Work instruction:
The word "glass" occurs in some lines of the listing. Copy those lines.
BEGIN Input records
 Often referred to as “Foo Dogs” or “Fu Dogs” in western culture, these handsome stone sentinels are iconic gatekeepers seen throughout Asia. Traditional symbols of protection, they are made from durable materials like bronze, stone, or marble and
END Input records
BEGIN Input records
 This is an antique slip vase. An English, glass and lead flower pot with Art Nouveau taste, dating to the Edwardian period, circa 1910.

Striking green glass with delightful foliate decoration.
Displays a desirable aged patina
END Input records
BEGIN Input records
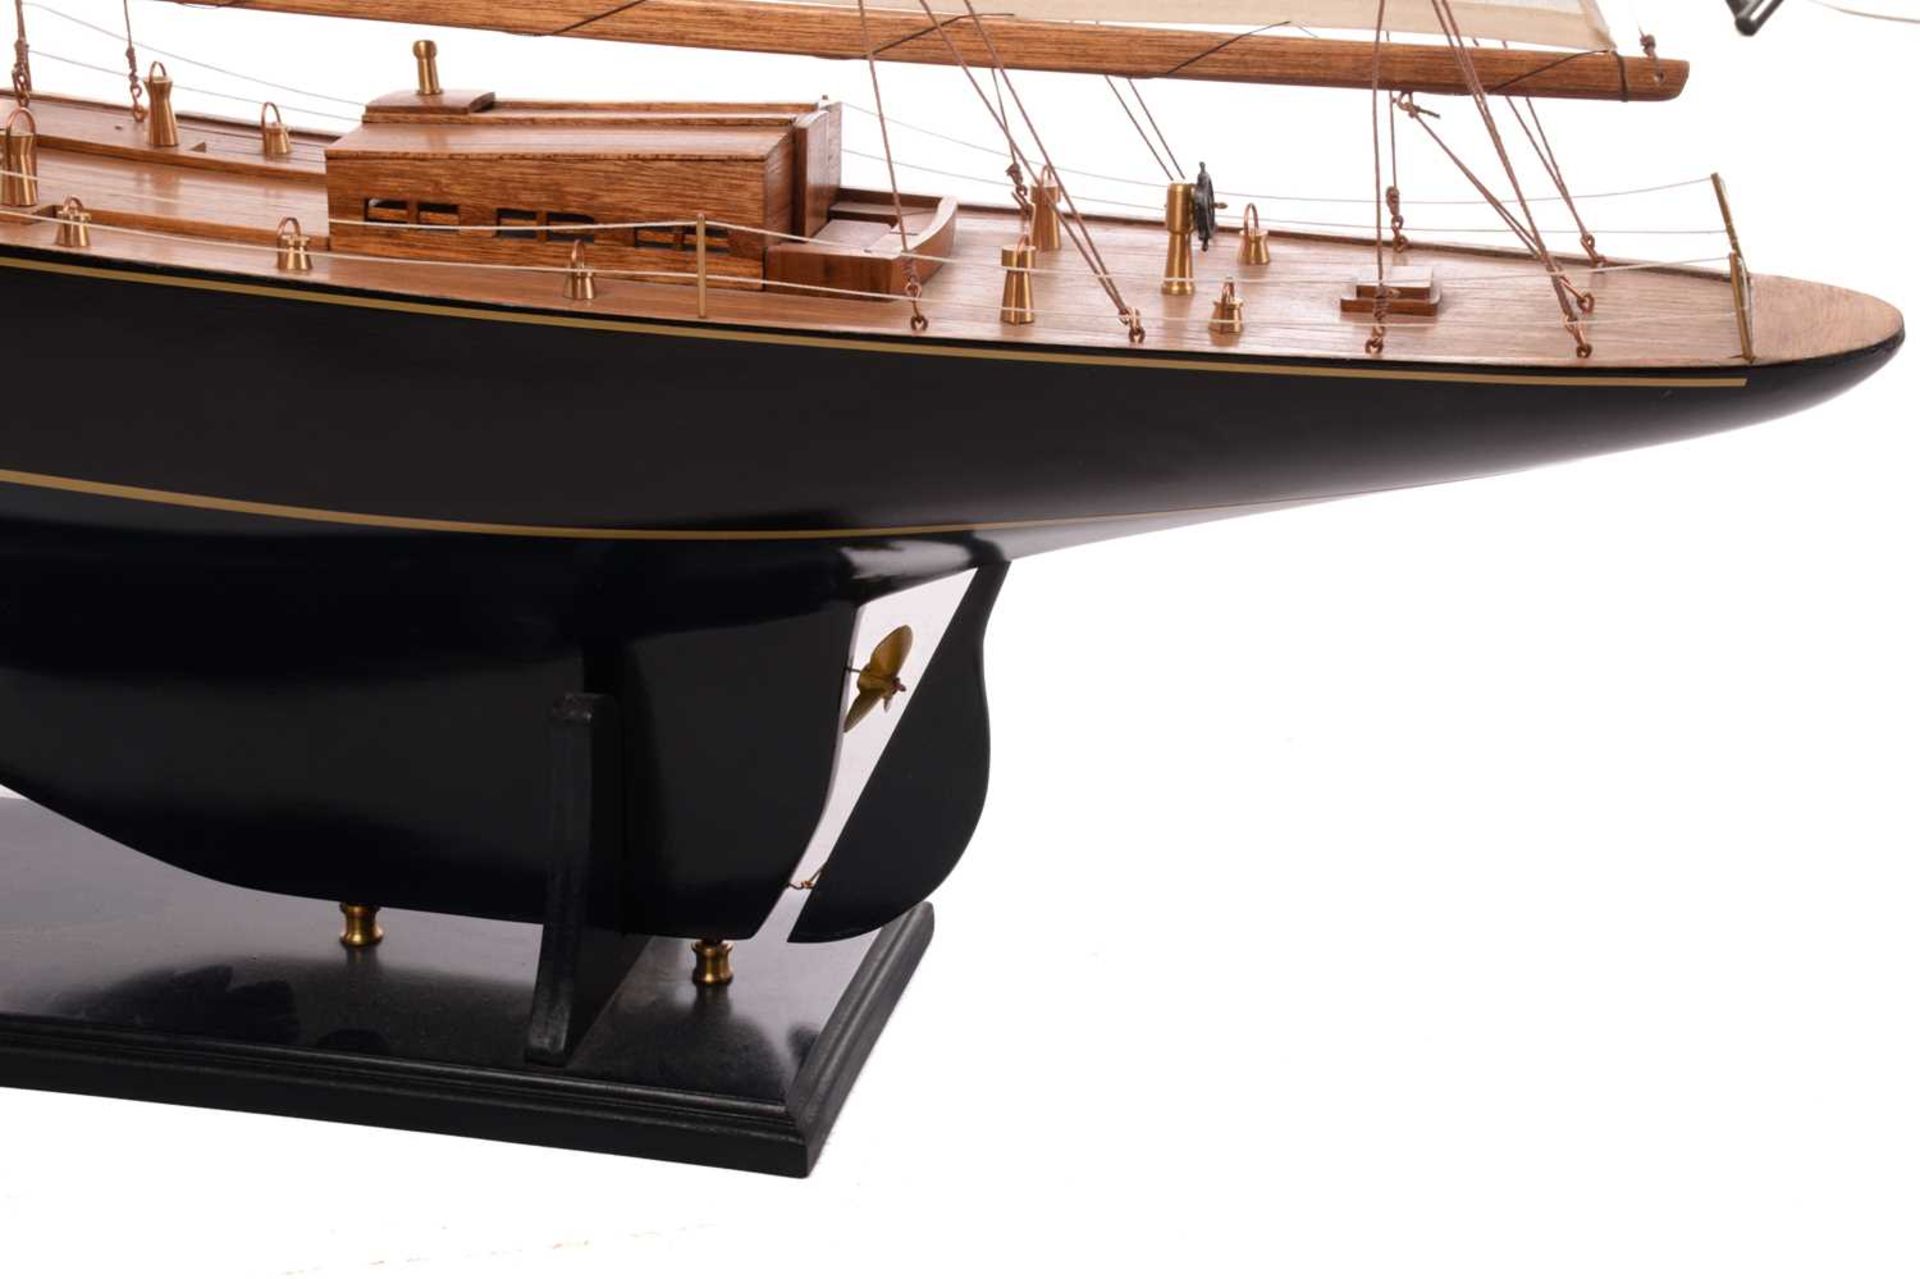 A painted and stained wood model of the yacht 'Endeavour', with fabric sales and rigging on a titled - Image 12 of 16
END Input records
Final answer:
 This is an antique slip vase. An English, glass and lead flower pot with Art Nouveau taste, dating to the Edwardian period, circa 1910.
Striking green glass with delightful foliate decoration.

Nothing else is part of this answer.